A principal distinção entre os métodos reside na origem do material utilizado. No implante capilar, técnica pioneira porém hoje obsoleta, são introduzidas fibras sintéticas diretamente no couro cabeludo. “Esse procedimento gera um efeito imediato de densidade, mas apresenta grandes chances de complicações e um aspecto pouco autêntico”, explica a médica Angela Helena Perretto, responsável técnica da rede Homenz. Por não serem biológicas, essas fibras costumam causar reações adversas e não acompanham o ciclo de vida de um cabelo real.

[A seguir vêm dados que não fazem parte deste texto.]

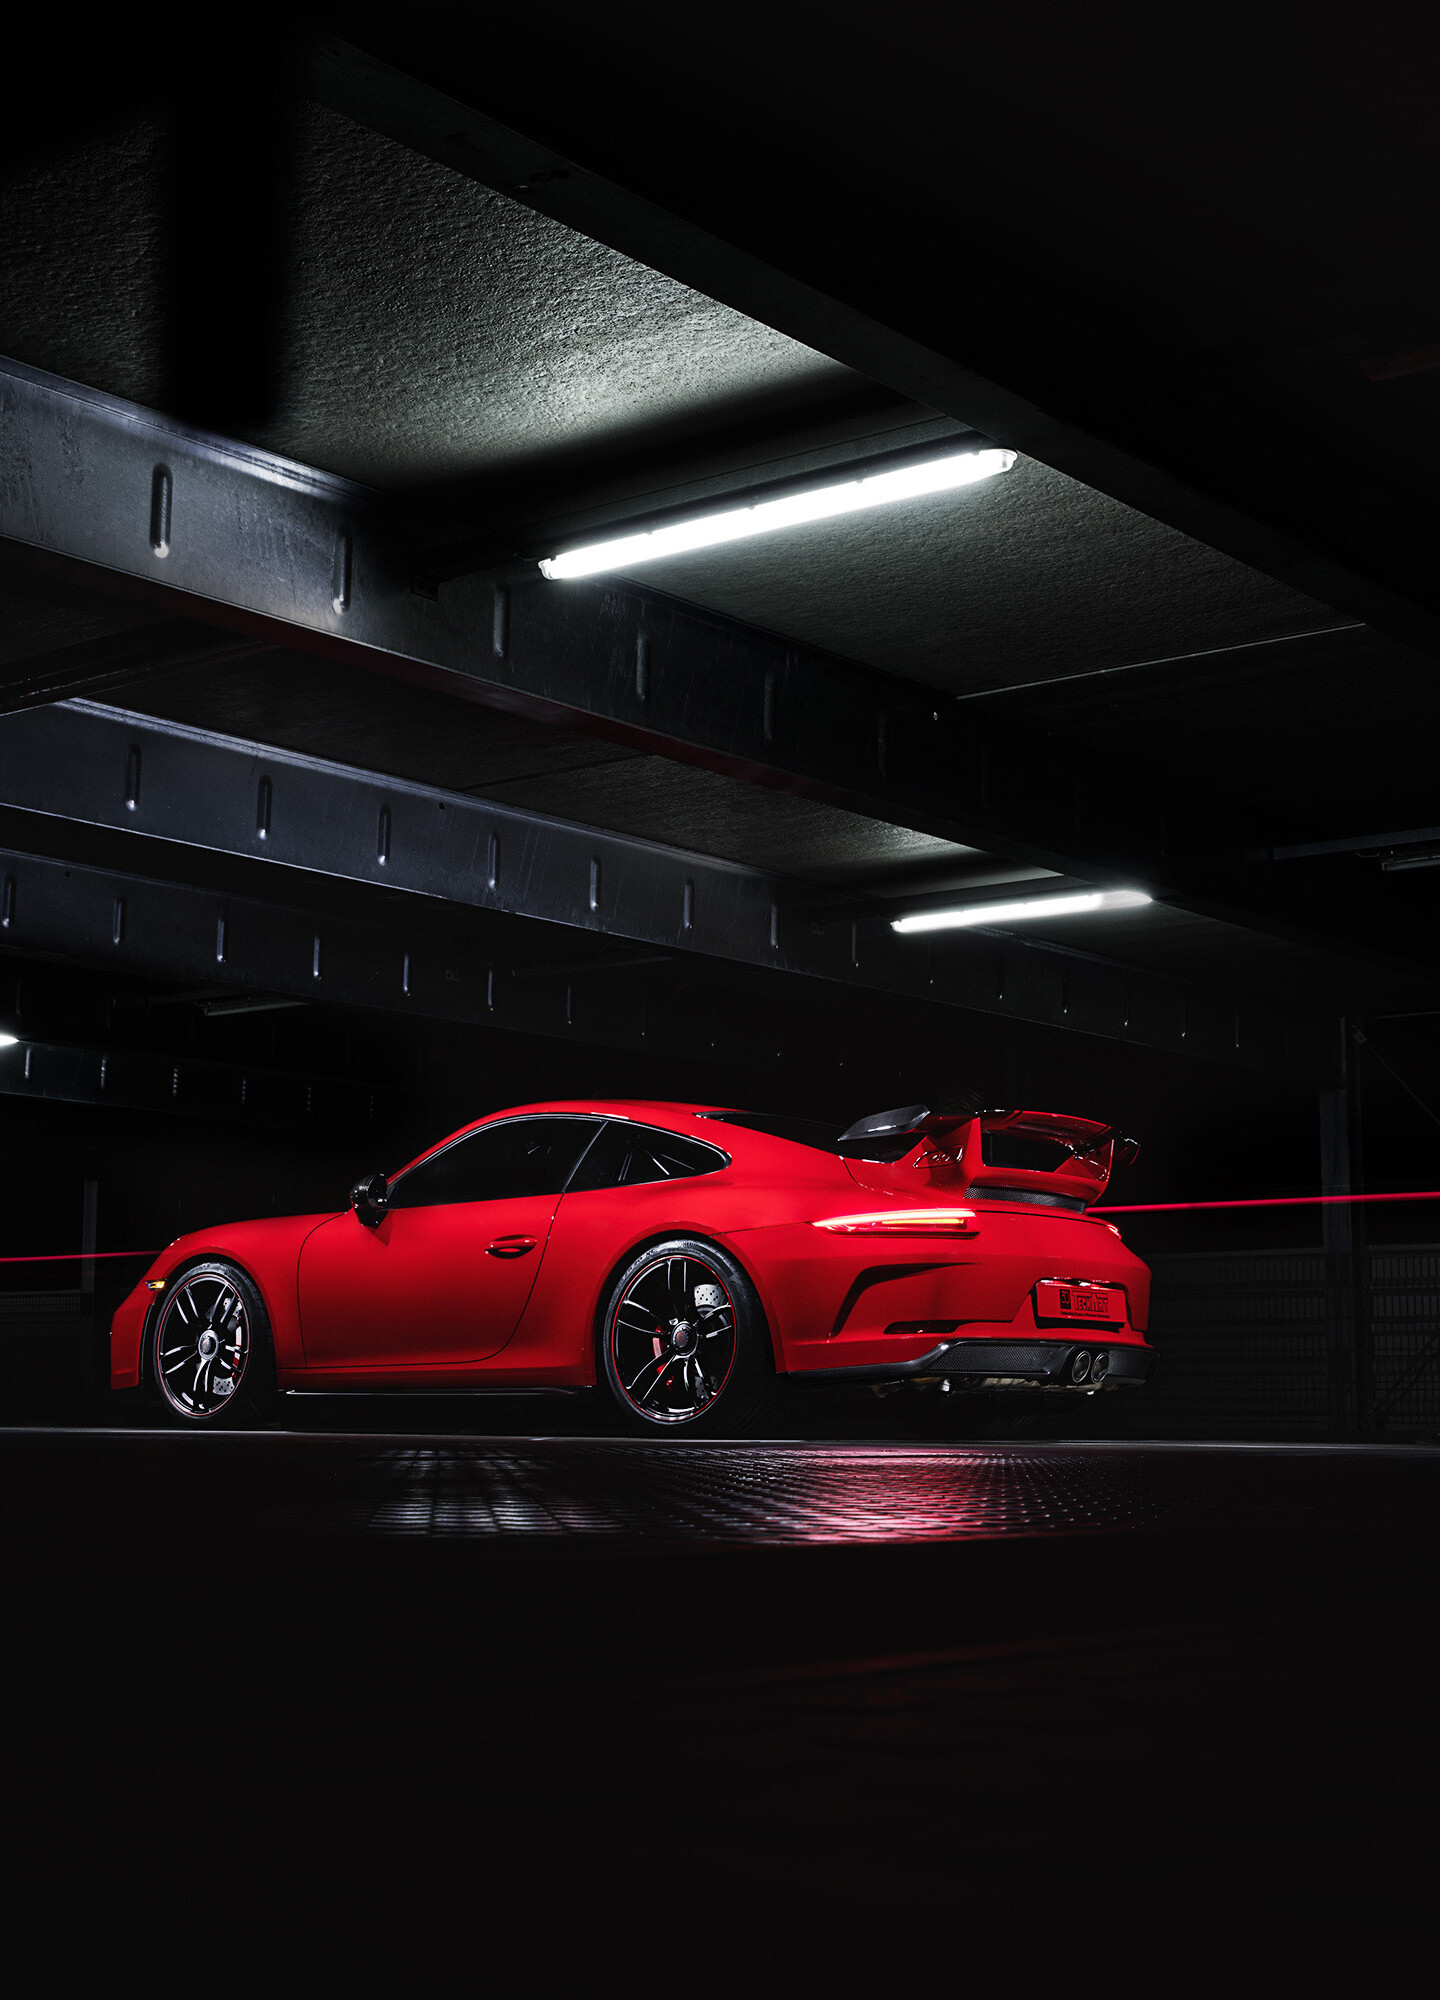 Techart Porsche 911 GT3, Red car wallpaper, Samsung Galaxy S8, HD image, 1440x2000 HD Phone

Em contrapartida, o transplante capilar utiliza o patrimônio genético do próprio indivíduo. A técnica redistribui os folículos de áreas doadoras para as regiões afetadas pela calvície. Como o material é autólogo (do próprio corpo), a integração é plena e o cabelo cresce naturalmente ao longo do tempo. O destaque atual fica para a técnica FUE (Follicular Unit Extraction), que permite uma recuperação acelerada e maior precisão cirúrgica sem a necessidade de cortes lineares.
Na prática, a diferença impacta diretamente a satisfação a longo prazo. Enquanto o implante oferece uma solução paliativa e temporária com risco superior de rejeição, o transplante garante um desfecho permanente. “O transplante promove crescimento verdadeiro e oferece um resultado estético muito mais satisfatório e seguro”, reforça a médica.

Para quem sofre com a queda de cabelo — problema que afeta diretamente a saúde emocional e a identidade —, a orientação profissional é clara: priorizar métodos que respeitem a fisiologia do corpo. Hoje, o transplante consolidou-se como a única via para quem busca recuperar não apenas os fios, mas a confiança de forma genuína e duradoura.